__INPUT DATA__:
=-=-=-=-=

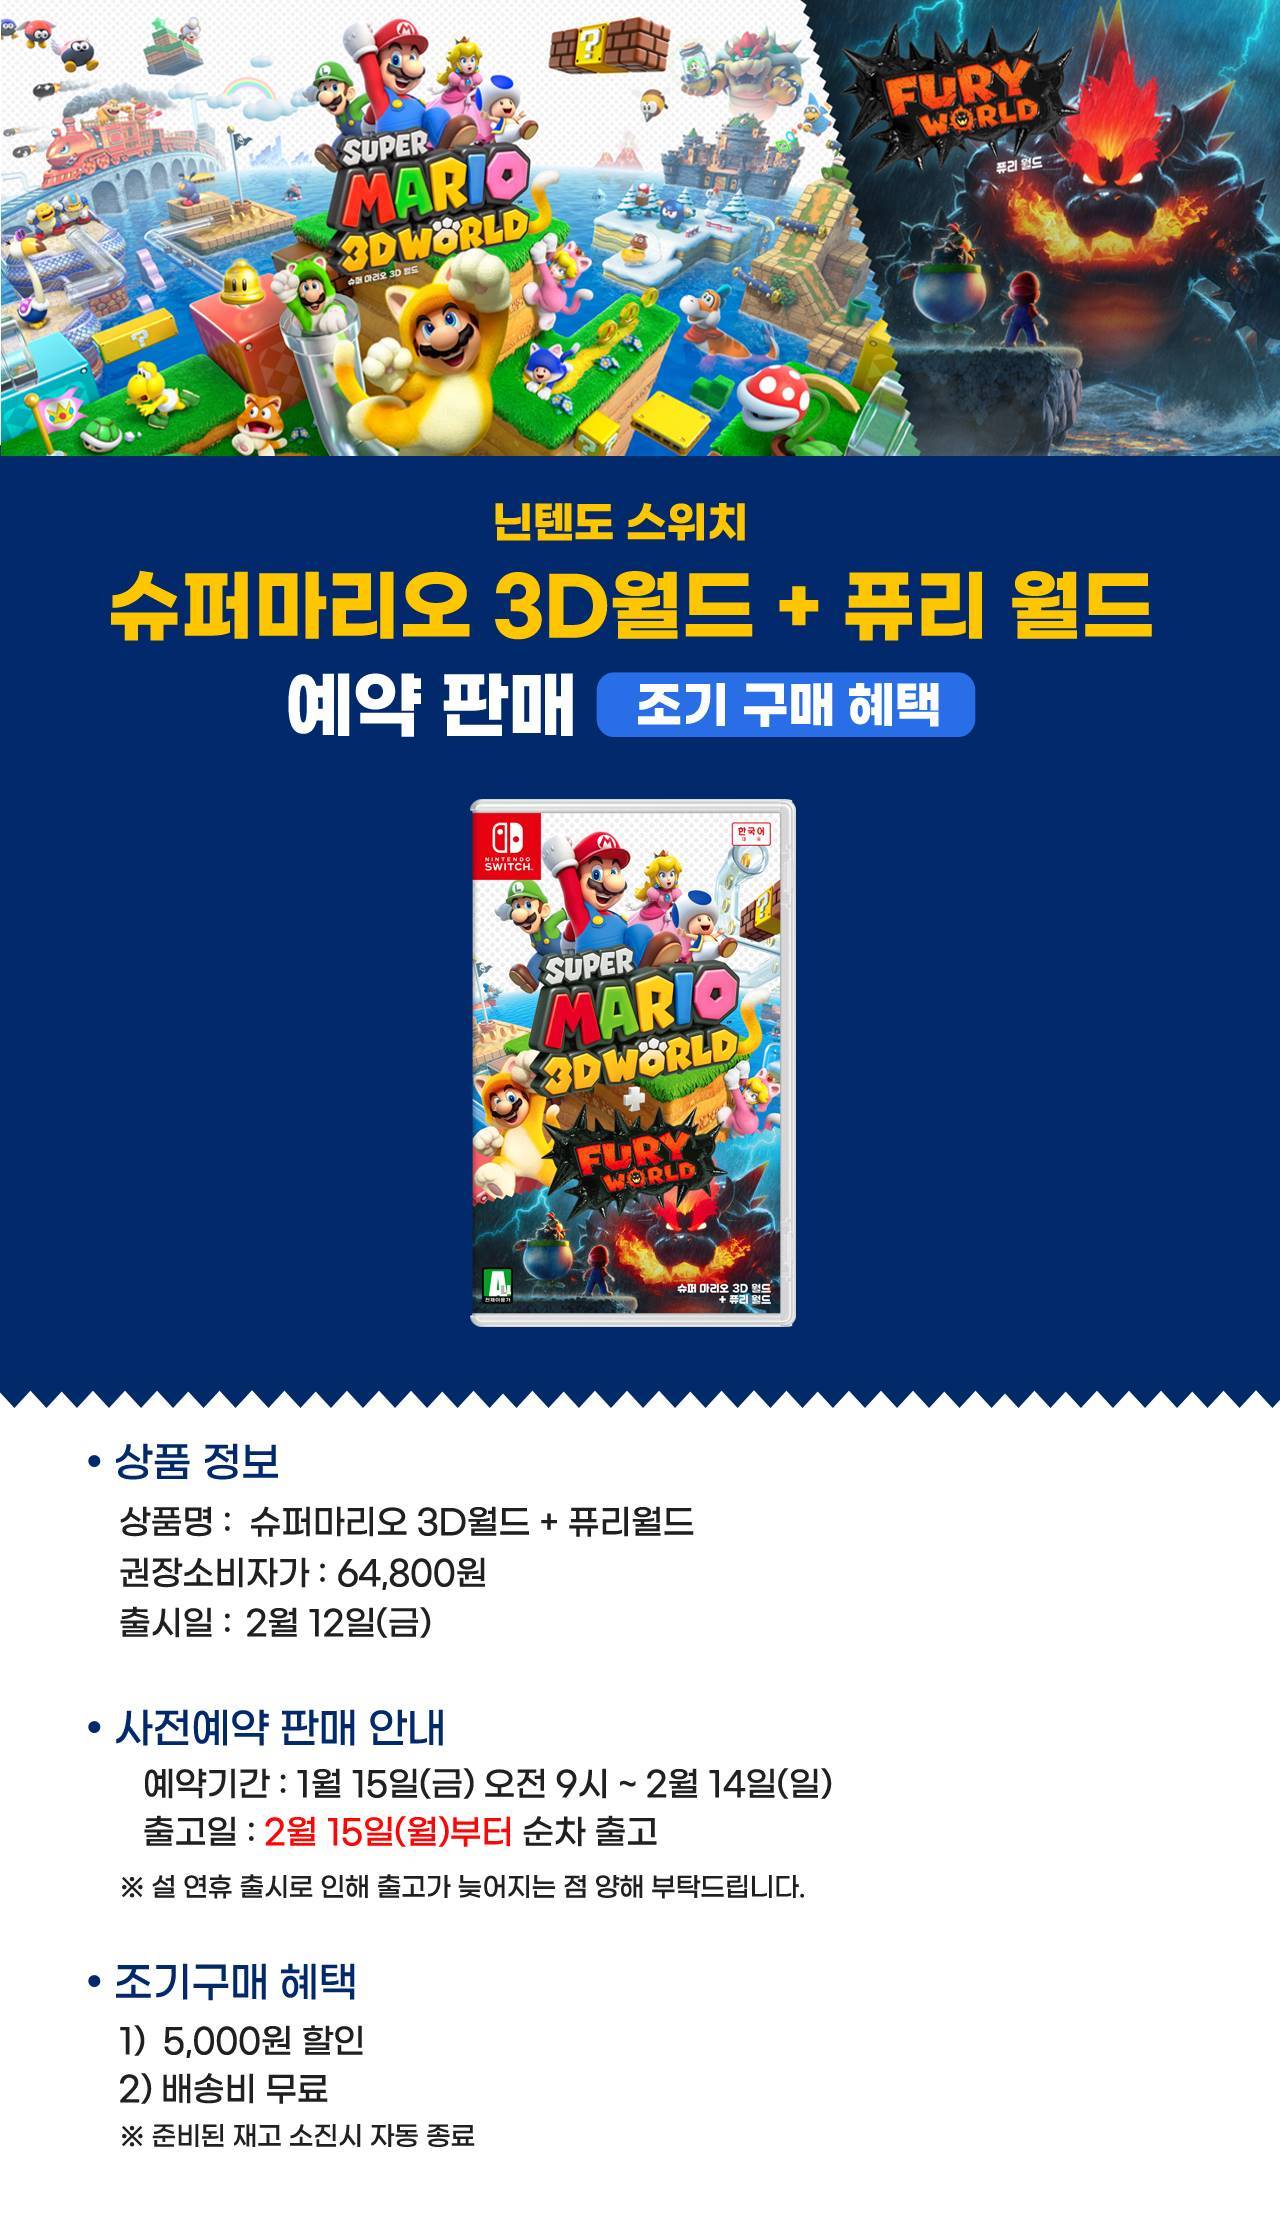 기획전 > 슈퍼마리오 3D월드 + 퓨리월드, 신세계적 쇼핑포털
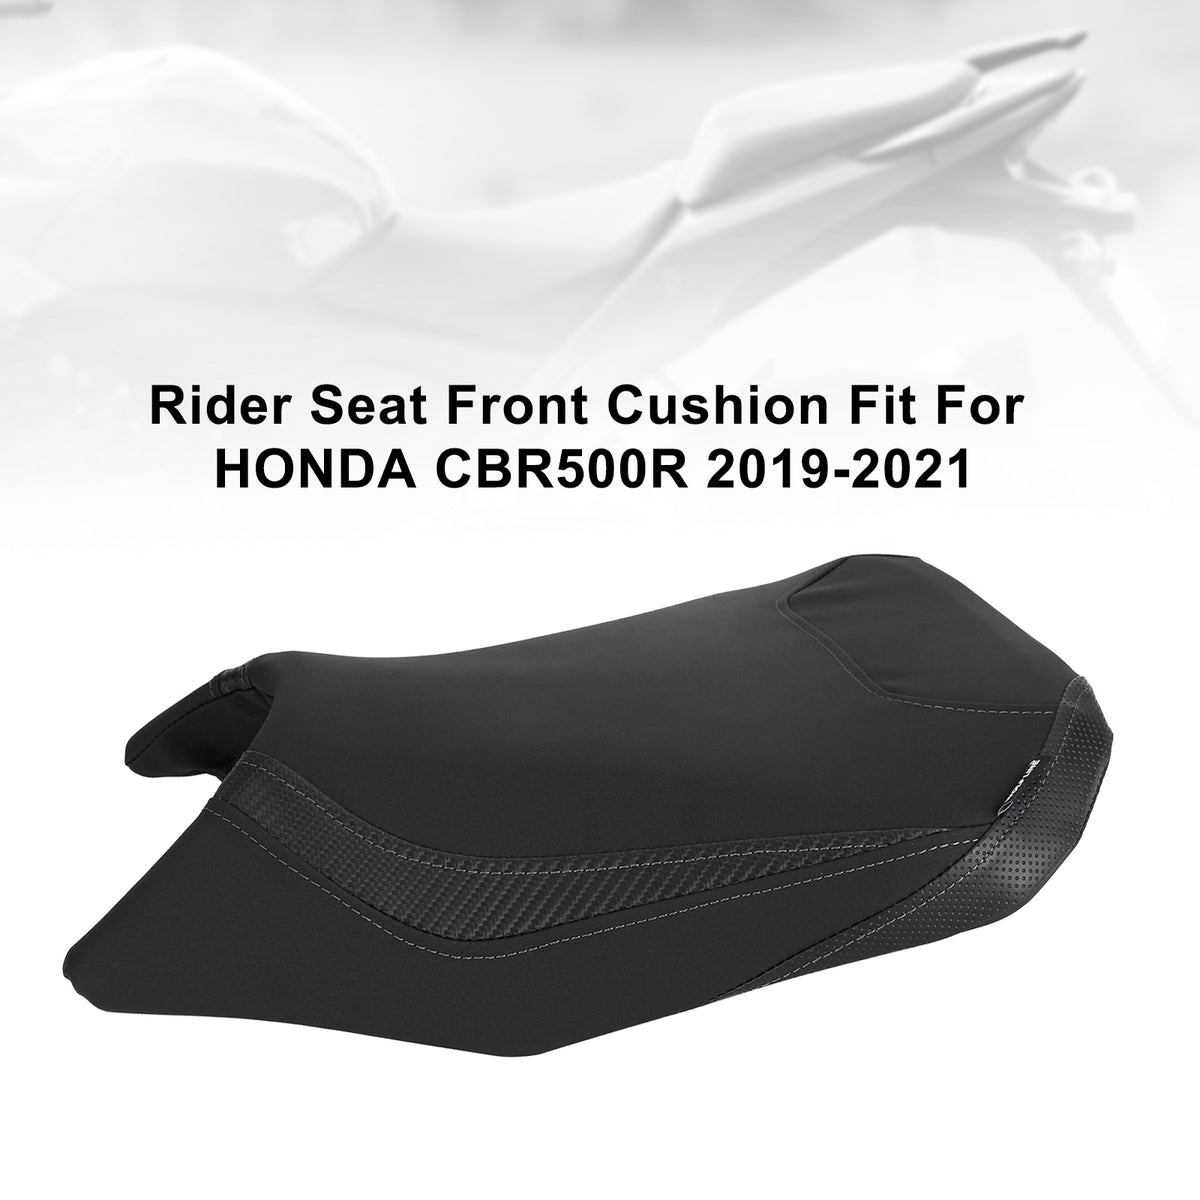 Ersetzen Sie den Fahrer- und Beifahrersitz vorne und hinten für Honda CBR500R CBR 500R 19-21
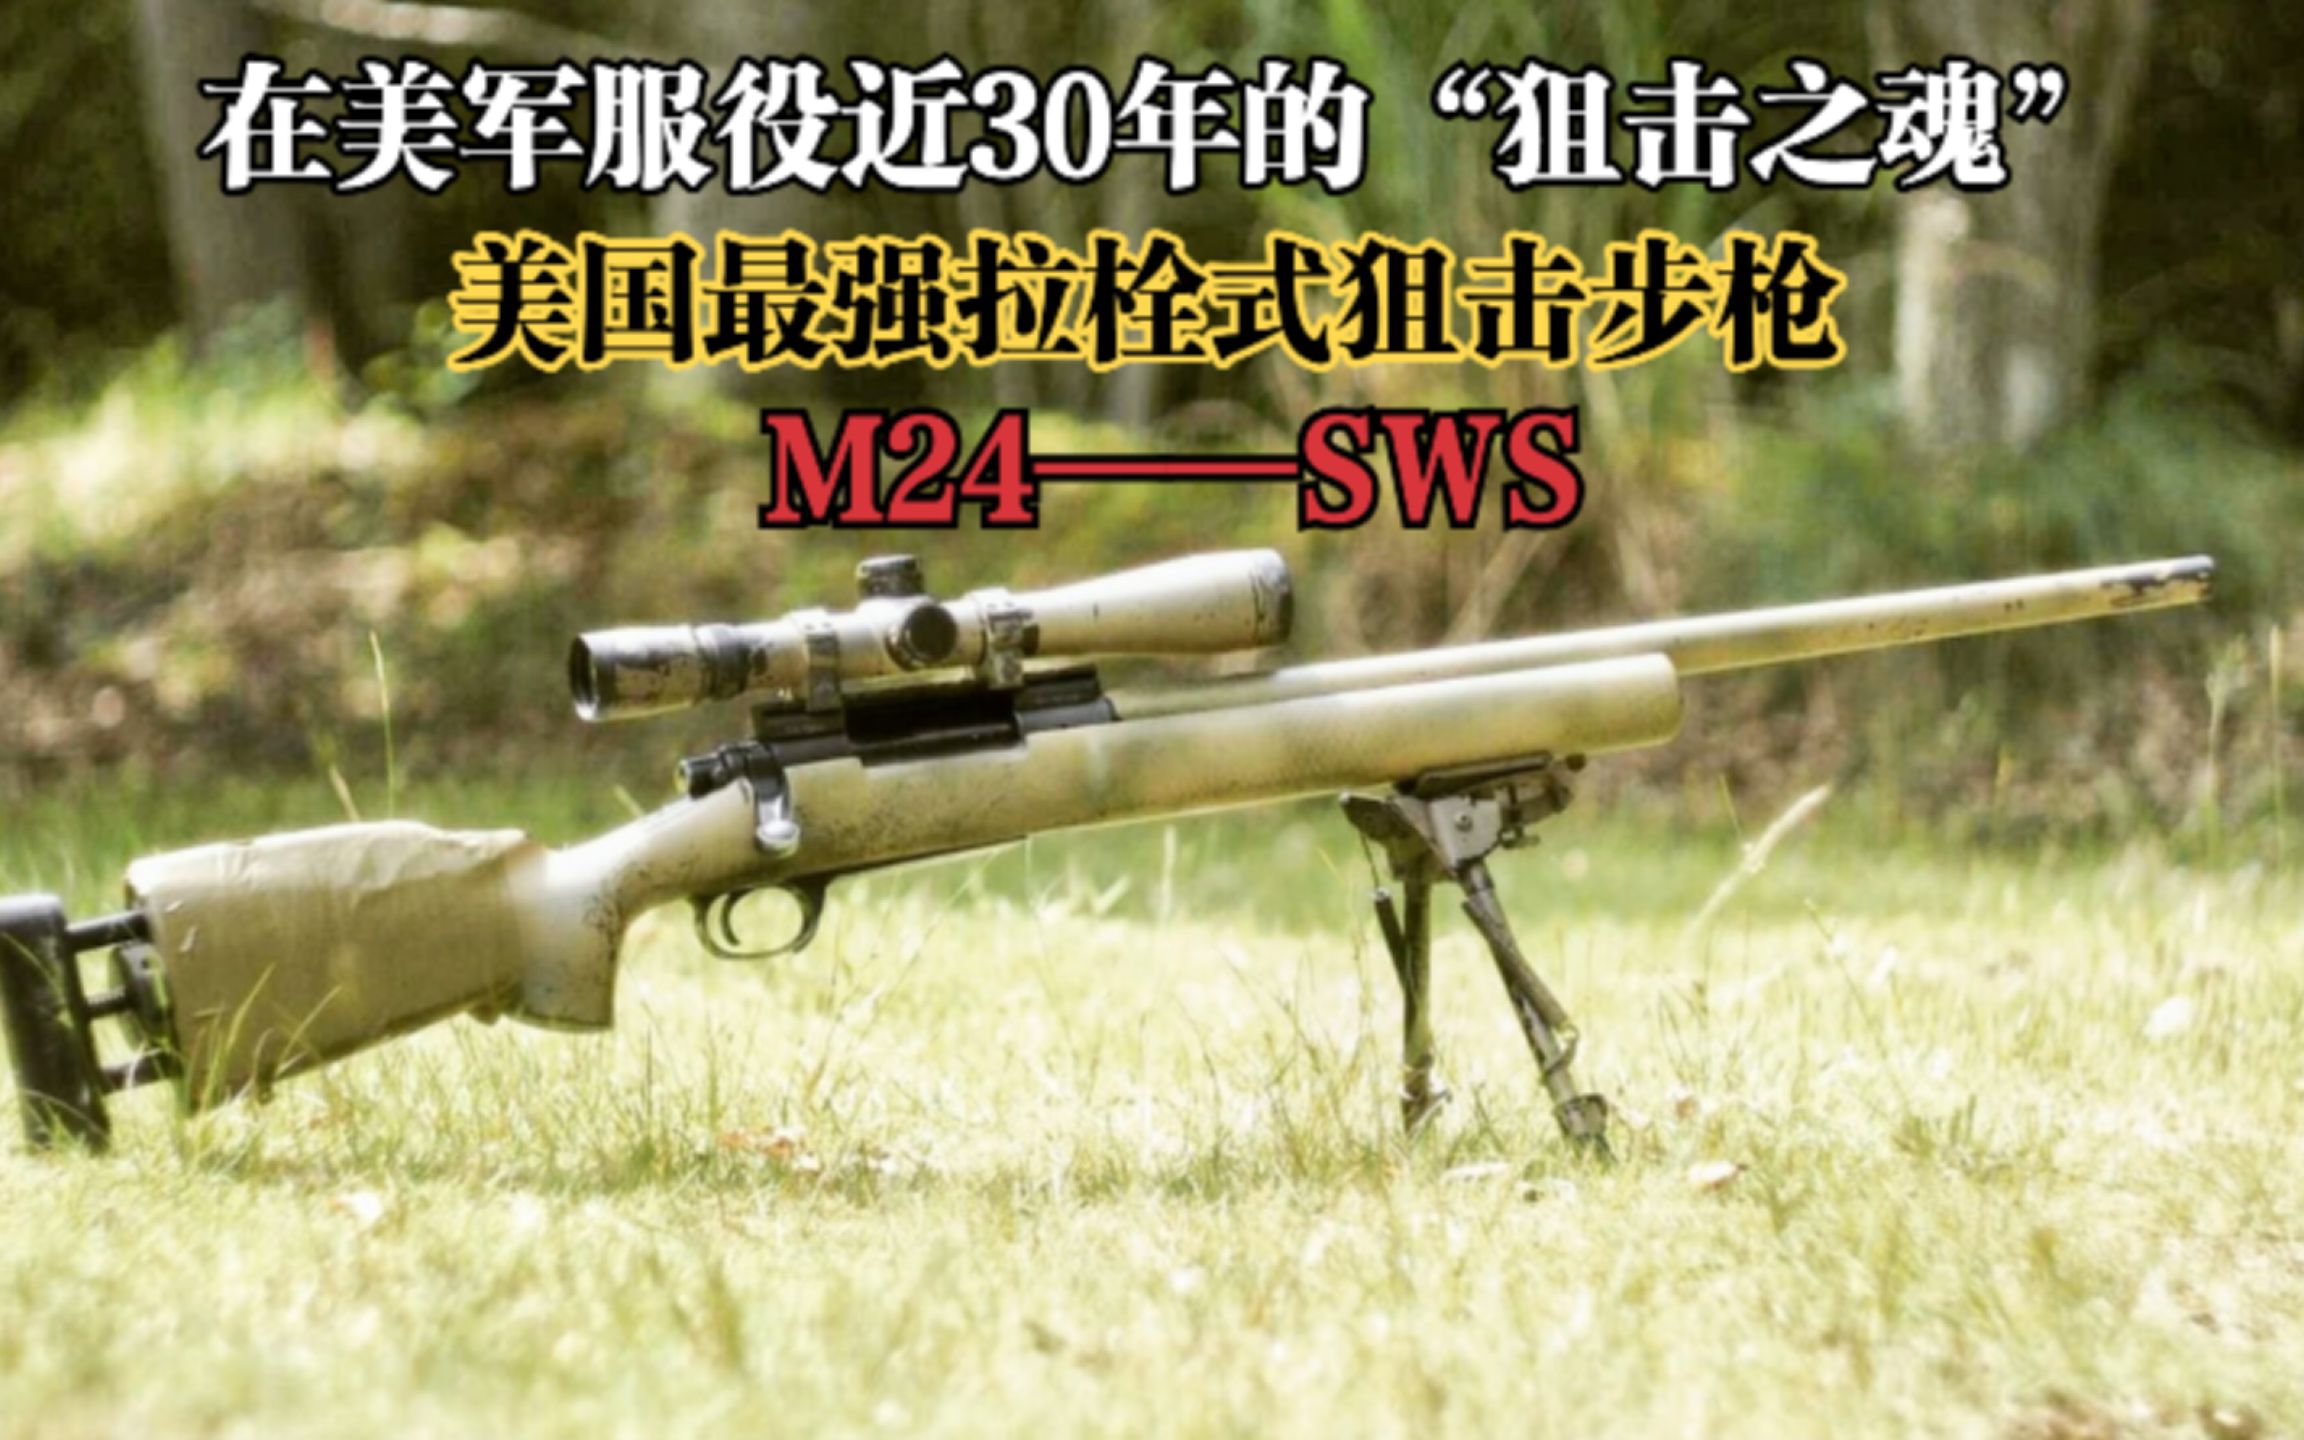 【科普哏】美国最强拉栓式狙击步枪“M24狙击步”，到底有哪些过人之处？

=-=-=-=-=

__PROBLEM TO SOLVE__: Reproduce, word for word, the lines from the one containing "Ersetzen Sie den" to the end of the material, both ends included. No picture is copied.

__RESPONSE TO THE TASK__:
 Ersetzen Sie den Fahrer- und Beifahrersitz vorne und hinten für Honda CBR500R CBR 500R 19-21
 【科普哏】美国最强拉栓式狙击步枪“M24狙击步”，到底有哪些过人之处？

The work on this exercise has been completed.